# How can I get endorsed?



## MacApple10256 (Aug 3, 2011)

I want to know how to get endorsed. I want to get endorsed by Ibanez and D'Addario. I don't know how. Can someone please help?


----------



## chronocide (Aug 3, 2011)

Get in touch with their A&R. Justify why you're worth endorsing.


----------



## flint757 (Aug 3, 2011)

MacApple10256 said:


> I want to know how to get endorsed. I want to get endorsed by Ibanez and D'Addario. I don't know how. Can someone please help?


 
Do something worth their attention. You can't just walk up somewhere and get one. I personally don't have one, but my guess is you'd need a fair sized fan base, probably a kit of some sort with photos and the product and essentially promote them before you endorse them. In other words you have to seem worth their while. Look up who is endorsed by them and you'll see essentially what is required. 

That being said, however, with me having no knowledge of what you've accomplished. IMO if you have to ask you probably aren't at the right stage to get one anyhow.


----------



## UltraParanoia (Aug 3, 2011)

MacApple10256 said:


> I want to know how to get endorsed. I want to get endorsed by Ibanez and D'Addario. I don't know how. Can someone please help?



You need street cred. Especially if you want free shit.
But its not as hard to get cheap stuff as everyone thinks. They usually want you to supply them with touring history, up coming shows, any CDs/videos/recordings you may have done etc etc


----------



## jstarkey (Aug 3, 2011)

Depends, what do you offer to our company?

-Jack D'Ibanez


----------



## Shannon (Aug 3, 2011)

Work your ass off. It's give & take. You want something from them & they want something from you. If you have a high enough profile (touring, ads, label support, good distribution, chops, good attitude, a good understanding of the product you use so you can convince people to buy one if they ask you about the product, etc), you will provide the advertisement they want. In exchange for that, you get free/discounted gear. Look at all the people who get interested in various gear because they saw their favorite guitarist using it.

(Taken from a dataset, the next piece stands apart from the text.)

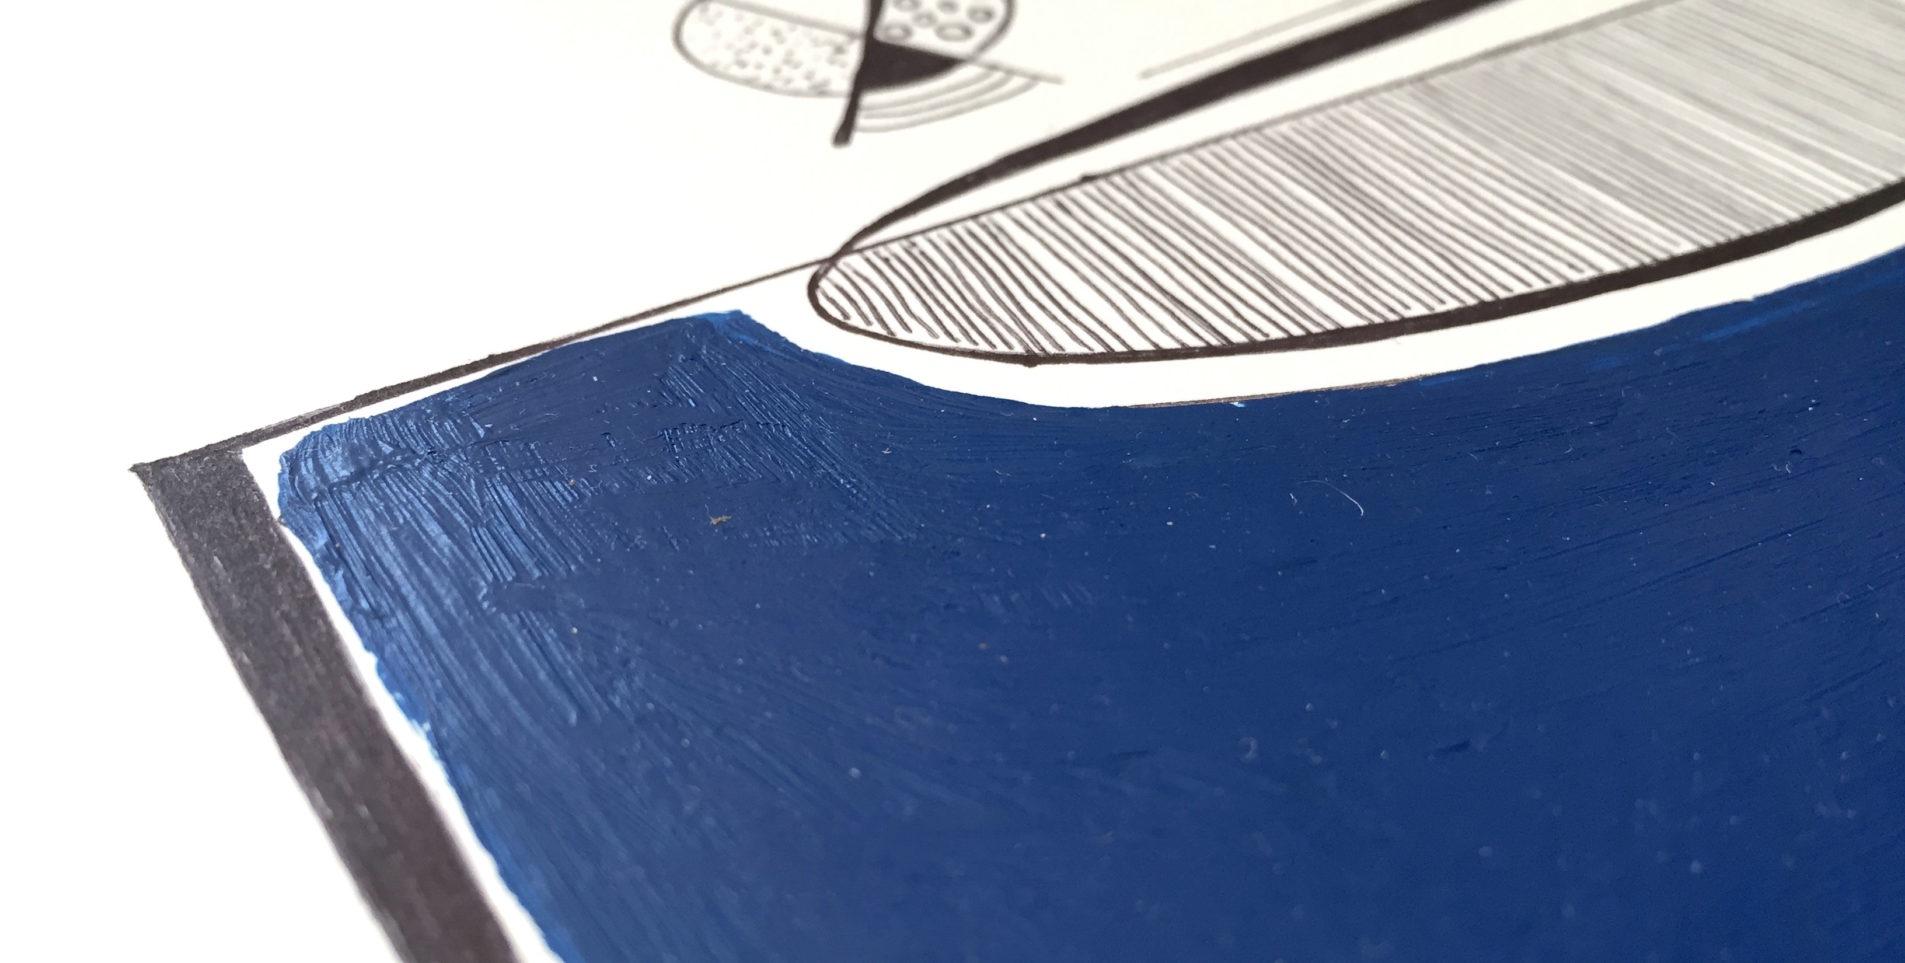 Détail du dessin fait au stylo noir et peinture bleue
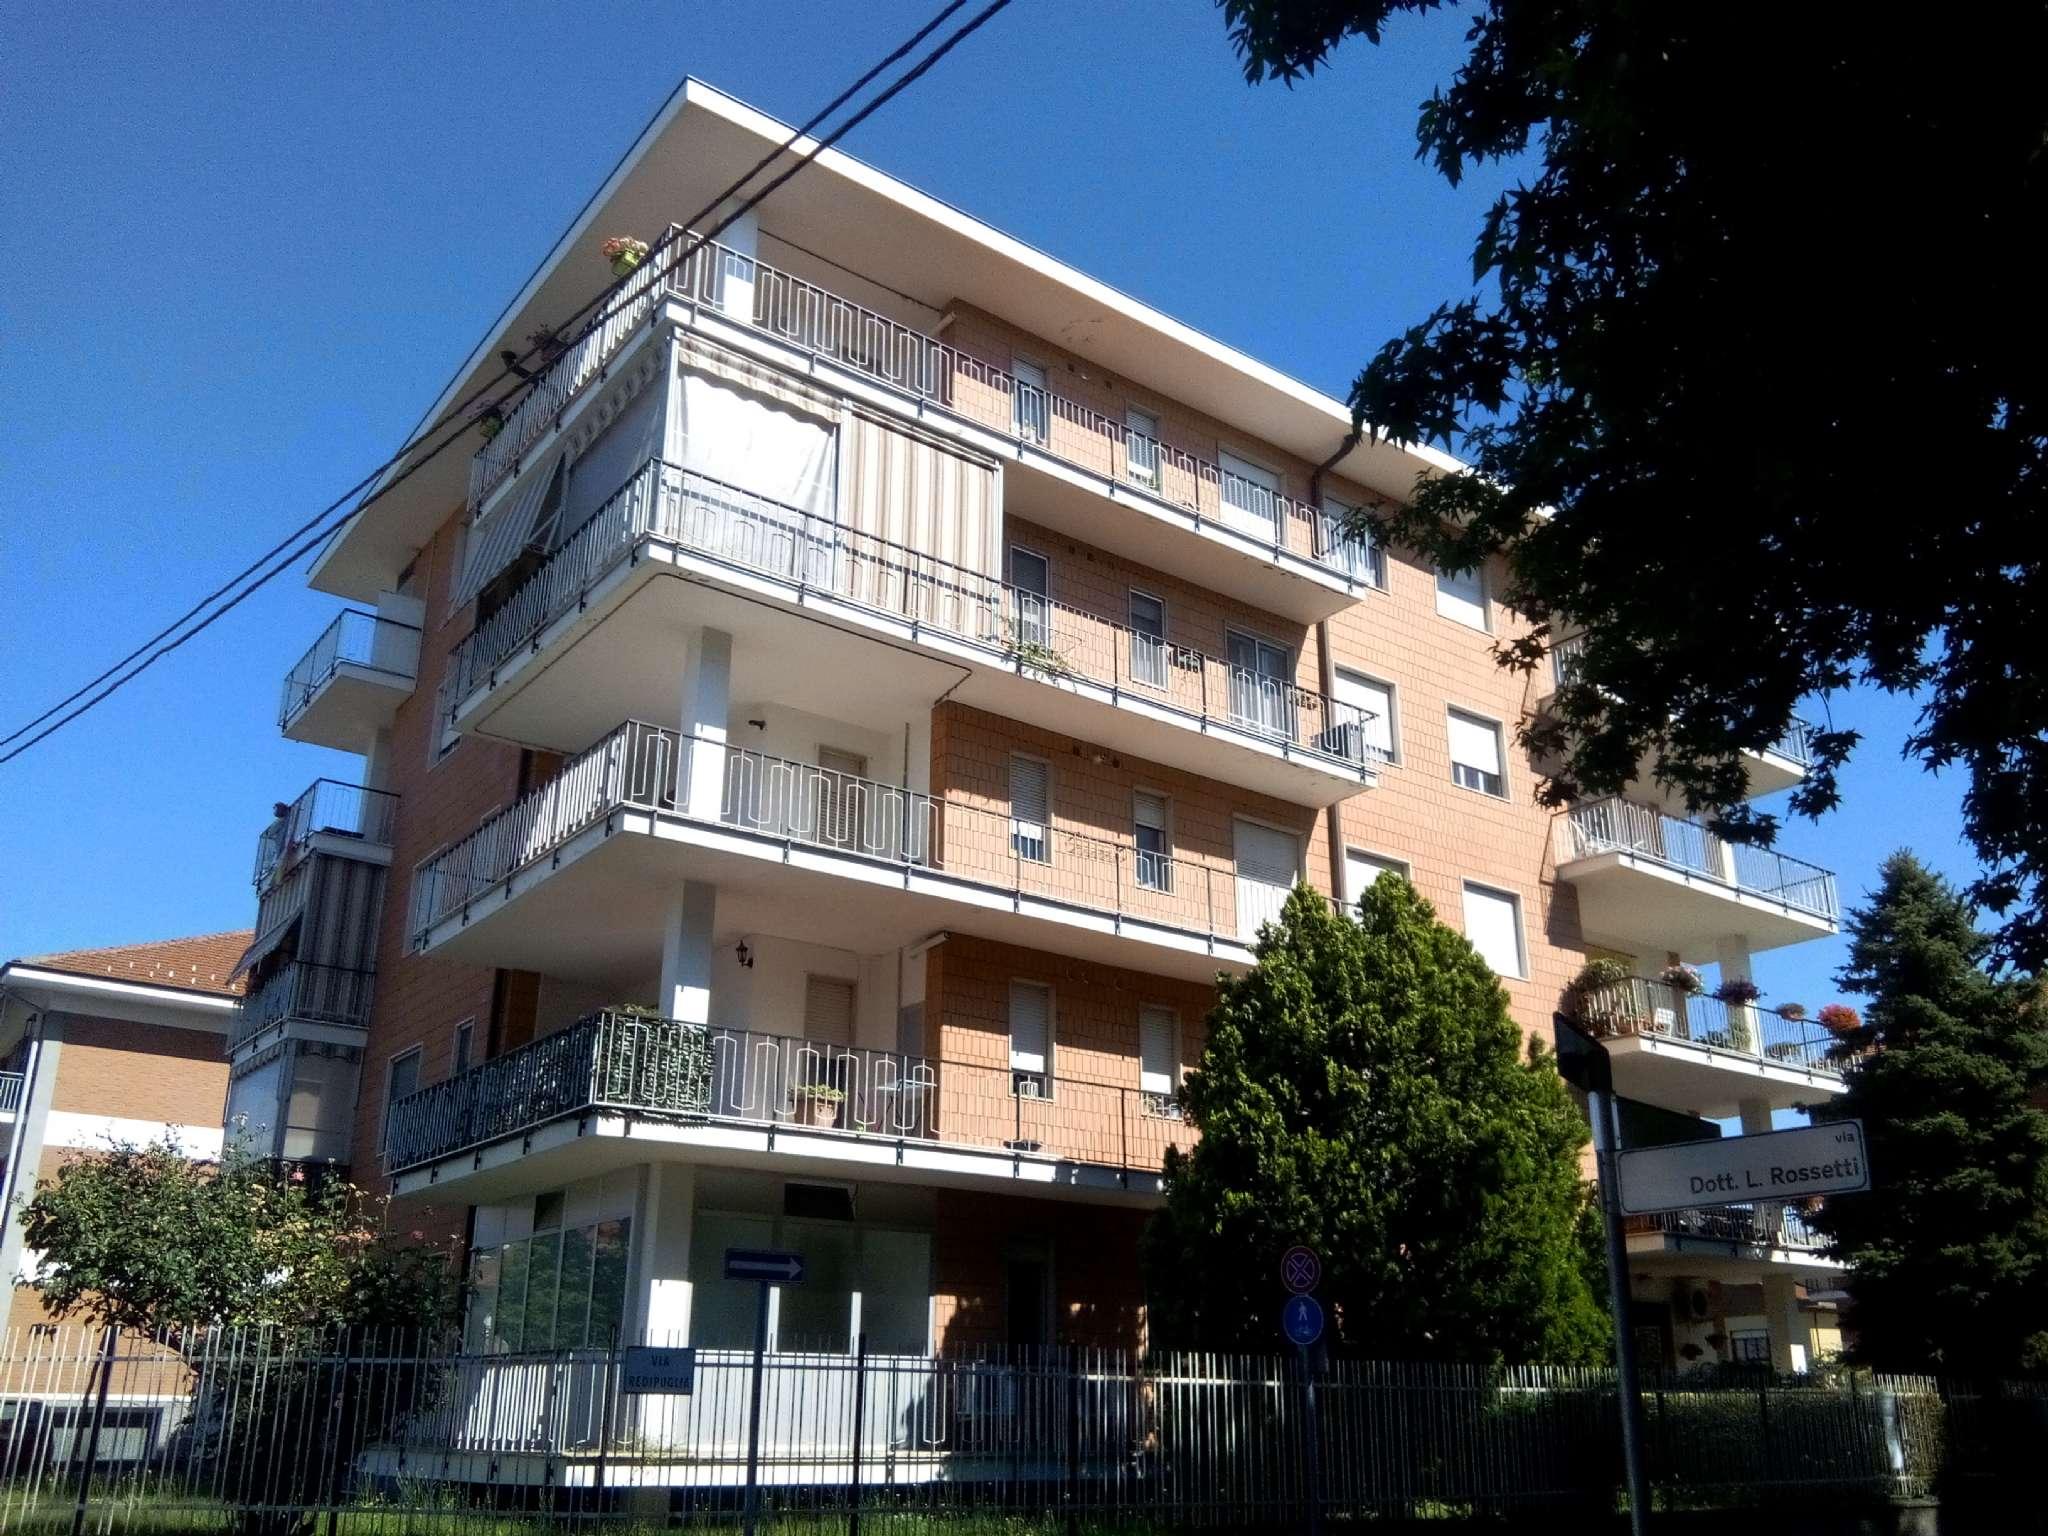 Appartamento in vendita a Ciriè, 4 locali, prezzo € 169.000 | PortaleAgenzieImmobiliari.it

<<< Signed, dude with endorsements.


----------



## Leuchty (Aug 3, 2011)

Play 250+ shows a year.


----------



## leftyguitarjoe (Aug 3, 2011)

Be famous


----------



## Goro923 (Aug 3, 2011)

Ask Christian Olde Wolbers.







Wait actually that's the worst thing you could do.


----------



## xCaptainx (Aug 3, 2011)

approach your local distributor, as generally, companies listen to the local distributors when suggestions are made. 

Get a press kit together, which shows you using the gear, highlights career highlights i.e. big shows/tours/other endorsements you have. Show how many tours/shows you have lined up, prove that you do enough shows to justify it.

Basically, any company is...shock horror, a business. So by offering you artist rates, you need to convinve them that the profit they would usually make on RRP would be made up through marketing e.g. artist rates to you = exposure. 

Get promo shots done with the gear you have, include your music videos. Create a press kit (or business case) as to why an artist relations agreement with you would be profitable. 

Also DONT ask for free shit. Unless your Slipknot, Vai, Satch, whoever. Just be gratefull that a company is willing to give you ANY discount. An artist relationship has to START, and they call the shots. Not you. 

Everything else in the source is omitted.